2.4. Immunofluorescence staining and microscopy
Brain sections were washed in 1xPBS three times for 5 minutes at room temperature before being blocked with 2% donkey serum, 1% bovine serum albumin, 0.1% Triton-X, and 0.05% Tween-20 in 1xPBS for 2 hours at room temperature. Primary antibody mixes, diluted in the abovementioned block solution, were applied overnight at 4°C. To study microglial number, recruitment, encapsulation, and engulfment, sections were stained with anti-IBA1 (ab5076, Abcam, 1:300) and anti-CD68 (FA-11, MCA1957 BioRad, 1:1000). IBA1 is a widely used marker of microglia that can also stain brain-infiltrating macrophages. Aβ load was probed using anti-Aβ D54D2 (8243, Cell Signaling, 1:300). To investigate proliferation, sections were stained with anti-Ki67-EF660 (SolA15, Invitrogen, 1:100). To explore microglial activation, sections were stained with anti-CLEC7A (R1–8g7, InvivoGen, 1:30). To interrogate neuronal health, sections were stained with anti-APP (Y188, ab326, Abcam, 1:750). Sections were then washed in 1xPBS and 0.05% Tween-20 three times for 5 minutes at room temperature and stained with matching Alexa Fluor 488, 594, 647 donkey anti-rabbit, -goat, and -rat (Thermo Fisher, 1:1000 dilution) secondary antibodies at room temperature for 2 hours. Sections were washed again in 1xPBS and 0.05% Tween-20 three times for 5 minutes at room temperature. Sections were then further stained with DAPI (D9542, Sigma-Aldrich, 1:1000) for 10 min at room temperature or ThioflavinS (Aβ plaques, Sigma-Aldrich, 2 mg/10 mL) for 8 minutes in 50% EtOH followed by three 2-minute washes with 50% ethanol and two 2-minute washes with 1xPBS at room temperature. All sections were then transferred to fresh 1xPBS prior to being mounted on glass slides with ProLongGold antifade reagent (Invitrogen, P36930) and coverslips.
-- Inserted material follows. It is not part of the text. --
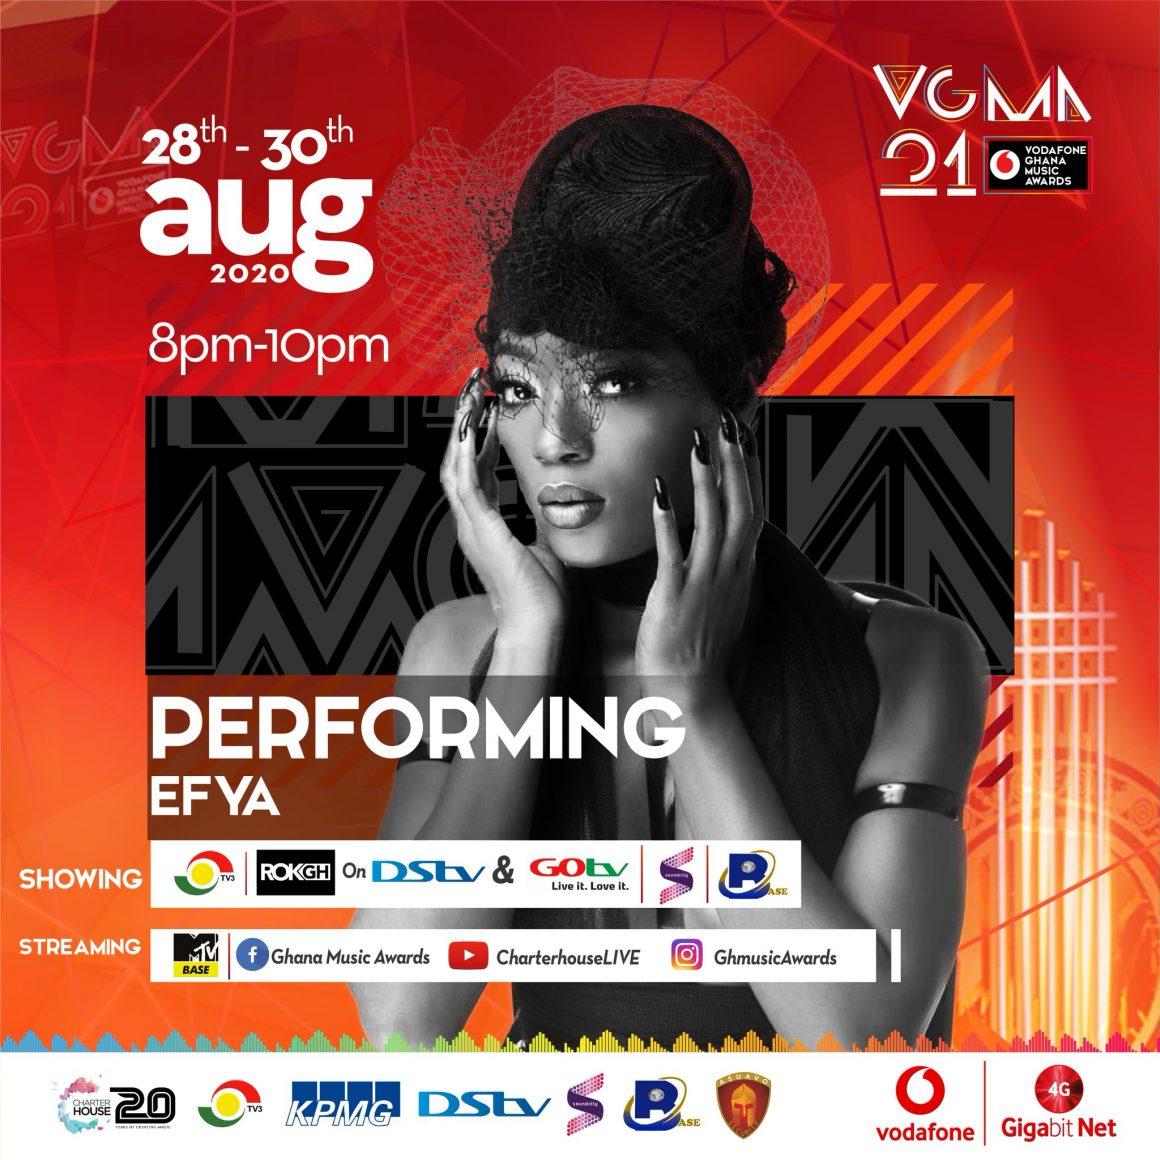 the-vodafone-ghana-music-awards-weekend-–-august-28-30

Mounted slides were stored at 4°C protected from light and imaged at 10x and 63x magnification on a Leica Stellaris 5 confocal microscope using LAS AF software (Leica Microsystems). Quantification of images were performed using Fiji software or Imaris software (9.5.1).
2.5. Single-nucleus RNA sequencing (snRNAseq)
Flash frozen brain cortices from three individual mice were pooled based on genotype (5xFAD Inpp5dΔMG or 5xFAD, see 2.2) and submitted to GENEWIZ (Azenta Life Sciences) for nuclei extraction and sequencing. Nuclei extraction was performed using the Miltenyi Nuclei Extraction Buffer (Miltenyi Biotec) following the manufacturer’s guidelines with gentle MACS Dissociation and C tubes (Miltenyi Biotec). Following isolation, nuclei were counted using a Countess 3 Automated Cell Counter (Thermo Fisher). Single-nuclei 3’ RNA libraries were generated using the Chromium Single Cell 3’ kit (10X Genomics). For each sample, a target capture of ~3,000 Gel Beads-in-Emulsion per sample was loaded onto the Chromium Controller (10X Genomics) and processed following the standard manufacturer’s specifications. Sequencing libraries were evaluated for quality using the Agilent TapeStation (Agilent Technologies) and quantified using a Qubit 2.0 Fluorometer (Invitrogen). Pooled libraries were quantified using qPCR (Applied Biosystems) and sequenced using a HiSeq 4000 (Illumina). Samples were sequenced at a configuration compatible with the recommended guidelines as outlined by 10X Genomics and raw sequence data were converted into fastq files. Raw fastq files were further processed with the Cell Ranger (7.0.1, 10X Genomics) `cellranger count` pipeline with introns included using the mouse (mm10) genome. Raw feature matrices containing the barcodes, features, and matrix files for each sample were used for further analysis in RStudio (4.2.1).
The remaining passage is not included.